Aku mengangguk, “Sepuluh tahun Sam,” ucapku menyela.
“Yeah, itu akan menjadi yang terbaik. Dia pasti sabar menghadapimu.” Komentar Sam mengejutkanku.
“Apa sifatku buruk, Sam?” tanyaku penasaran.
“Hmm, bukan buruk Salli, hmm … bagaimana ya, kau hanya selalu sibuk dengan isi pikiranmu, mudah sekali mengubah suasana hati, jujur dulu … itu yang membuatku terpancing emosi.”
Aku terhenyak, cukup lama, mencermati ungkapan hati Sam yang teramat jujur. Kupastikan ia tidak berbohong, karena setelahnya Sam berpamitan akan meneruskan pendidikannya di Beijing―mendapat beasiswa katanya.

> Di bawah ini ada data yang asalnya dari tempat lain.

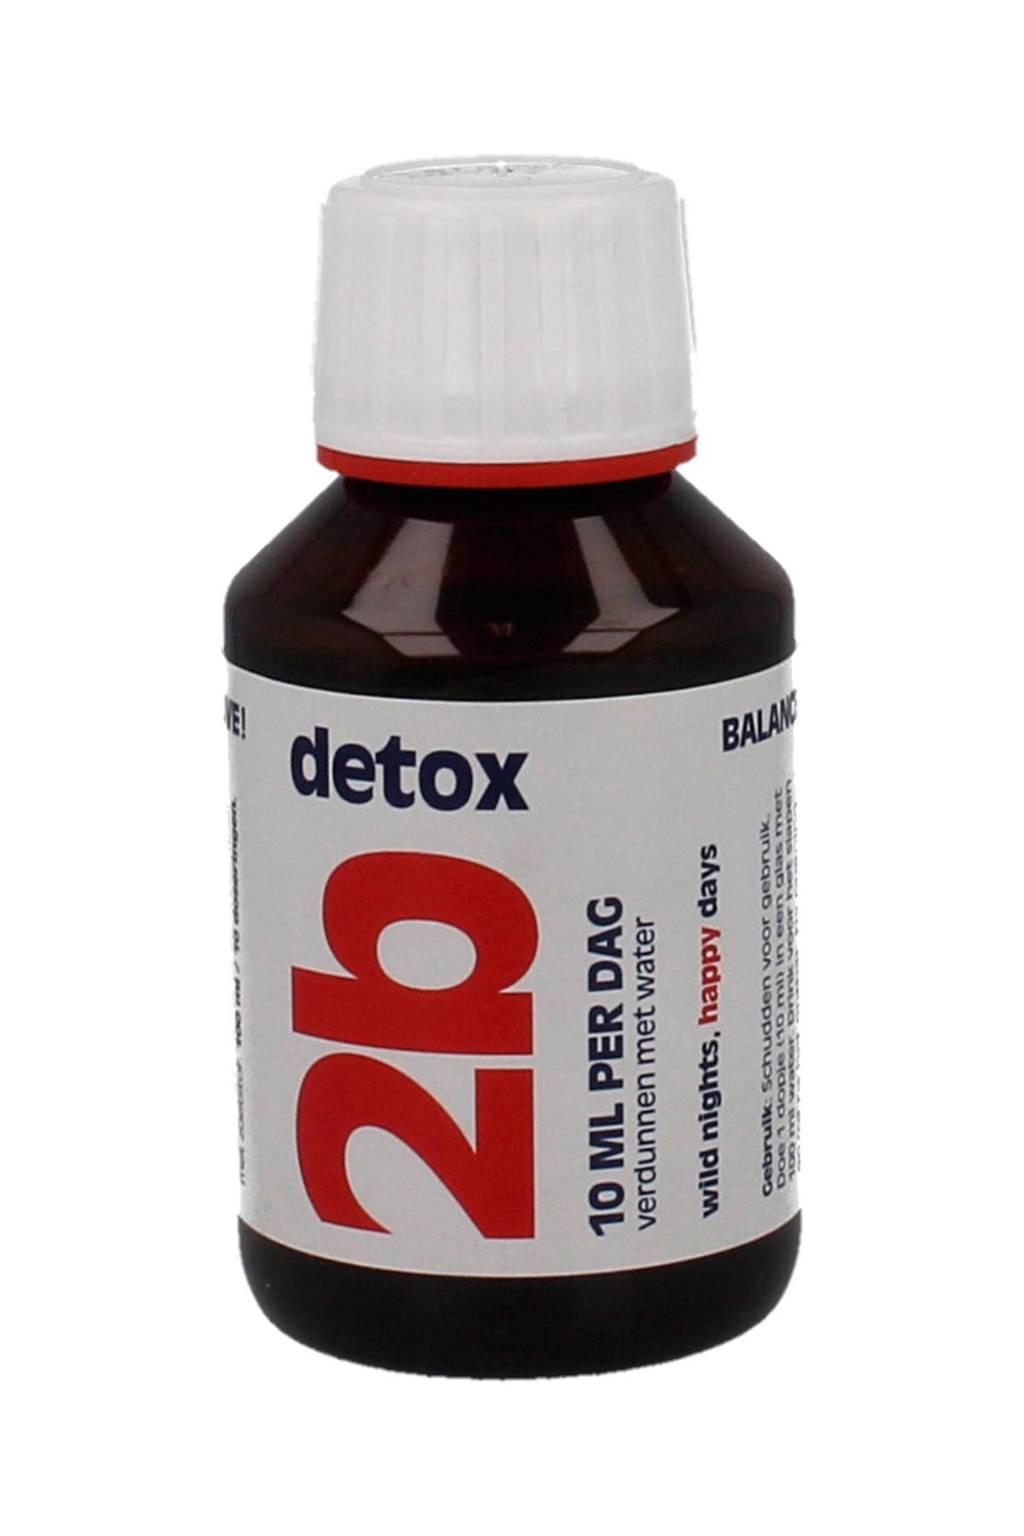 Amiset 2B Detox - 100 ml - voedingssupplement

Untunglah, pada pertemuan terakhir kami, sudah tak ada lagi hal yang mengganjal. Aku bisa dengan ringan melambaikan tangan pada Sam yang melajukan motornya meninggalkanku. Aku turut merasa senang untuk Sam, karena ia berhasil dalam study-nya.
Hmm, tiba-tiba aku memiliki pikiran gila, akh, tidak … tidak, seharusny itu pikiran baik. Apakah aku pun dapat berbaikan dengan Ayah, dan ikut tersenyum untuk kebahagiaannya?